A record number of organ transplants at Lucile Packard Children’s Hospital Stanford in October

Transplant patient collage
A few of the faces of organ transplant recipients this October at Lucile Packard Children’s Hospital Stanford

Stanford, Calif. - Sixteen children at Lucile Packard Children’s Hospital Stanford received life-saving organ transplants in October, setting a record for the most transplant surgeries performed at the hospital in a single month.

One of those patients was Toni and Jason Zumbach’s daughter, 7-month-old Charli, who was born with biliary atresia, a chronic, progressive liver condition in infants that blocks the bile ducts, quickly causing scarring the liver cells and eventually leading to liver failure. The Zumbachs, who are from Angels Camp, California, came to Palo Alto in September when Stanford Medicine Children’s Health transplant specialists who run a liver transplant clinic at the Madera Children’s Hospital told Charli’s mother, Toni, “We need to get her to Packard Children’s now.”

 “We were so happy that we had the connection to this Stanford Children’s team from Madera.
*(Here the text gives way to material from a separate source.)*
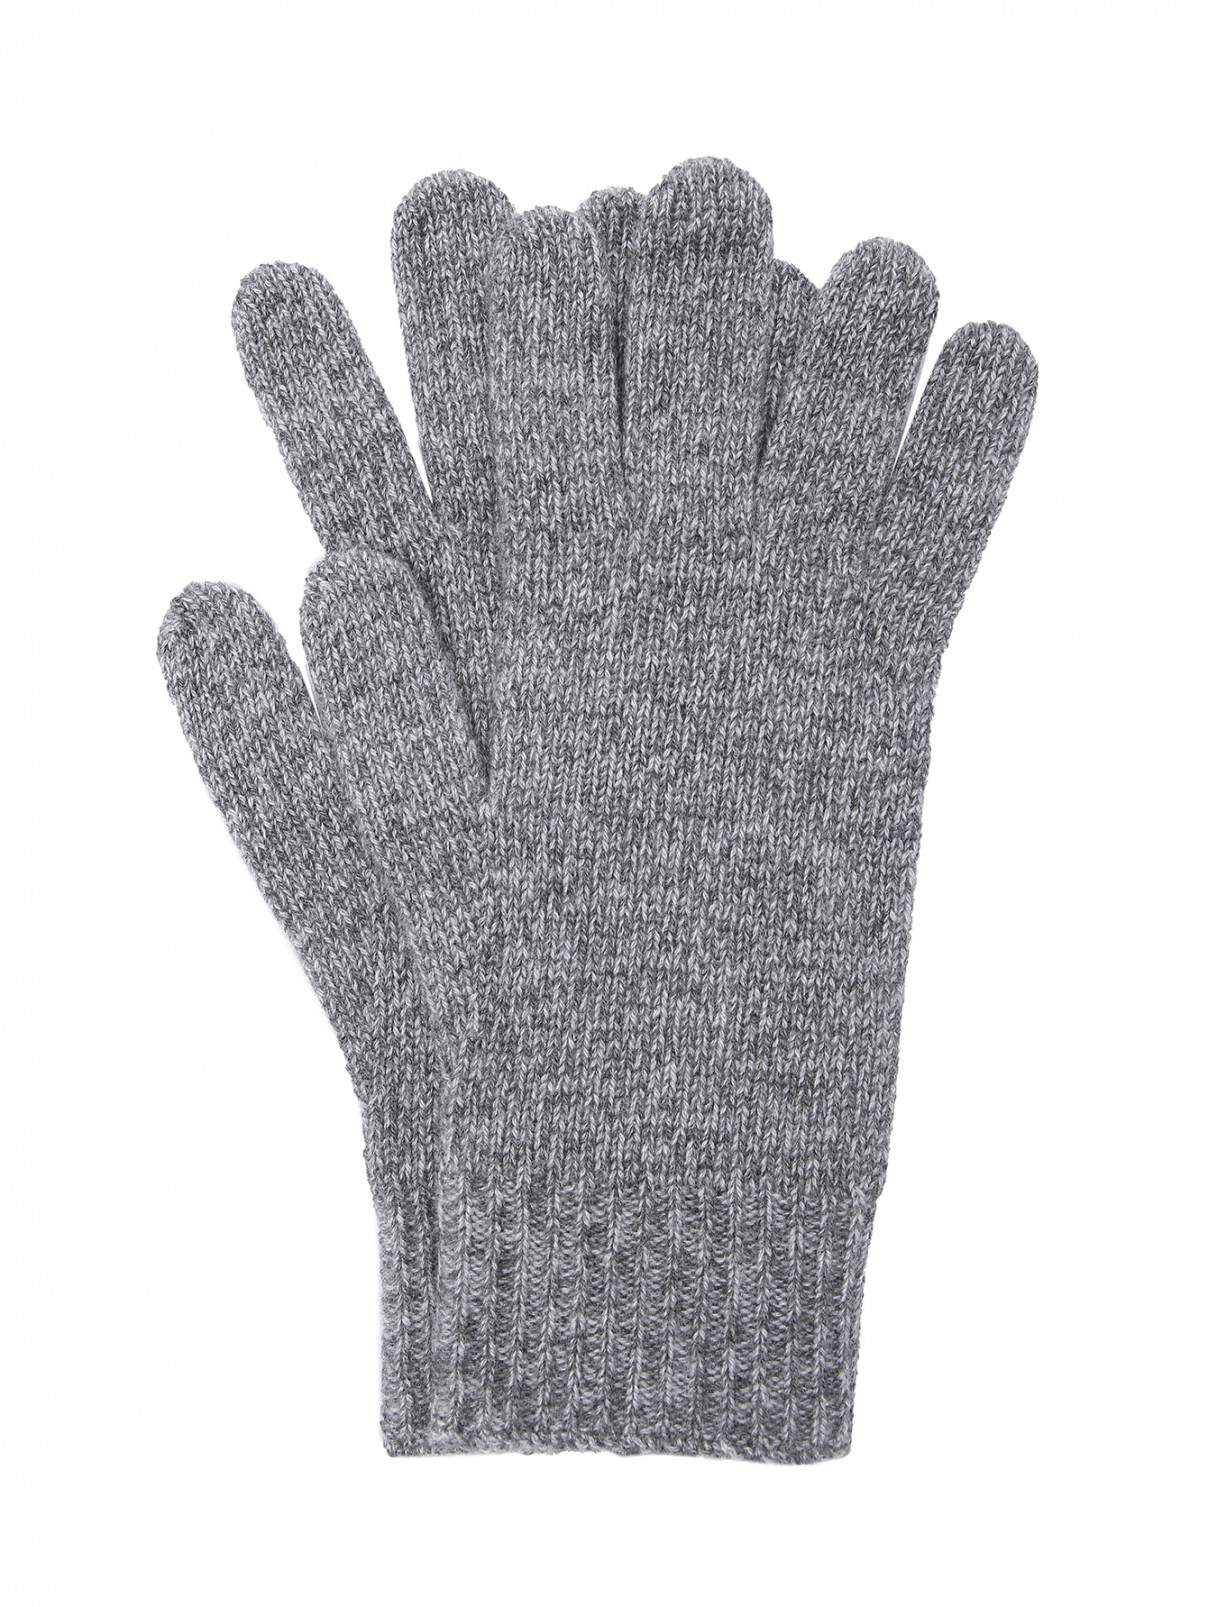 Однотонные перчатки из кашемира Weekend Max Mara  –  Общий вид  – Цвет:  Серый

This is where we wanted to be for her transplant,” said Toni Zumbach.

Zumbach said their pediatric transplant surgeon, Amy Gallo, MD, reassured them that everything would be fine when the time came for Charli’s transplantation.

“It was surreal,” Zumbach recalled, “but we trust this transplant team with our child’s life.”

“To be given the opportunity by these donors and their families to save all of these children in the past month — many whom were very, very sick — is an amazing honor for us as care providers,” said Gallo, who is also an assistant professor of abdominal transplantation surgery at the Stanford University School of Medicine.

Charli Zumbach
Charli Zumbach

“And little Charli . . . she is evidence of how hard these children fight to survive, at every age. It’s inspiring and a privilege to have played this role in her life.”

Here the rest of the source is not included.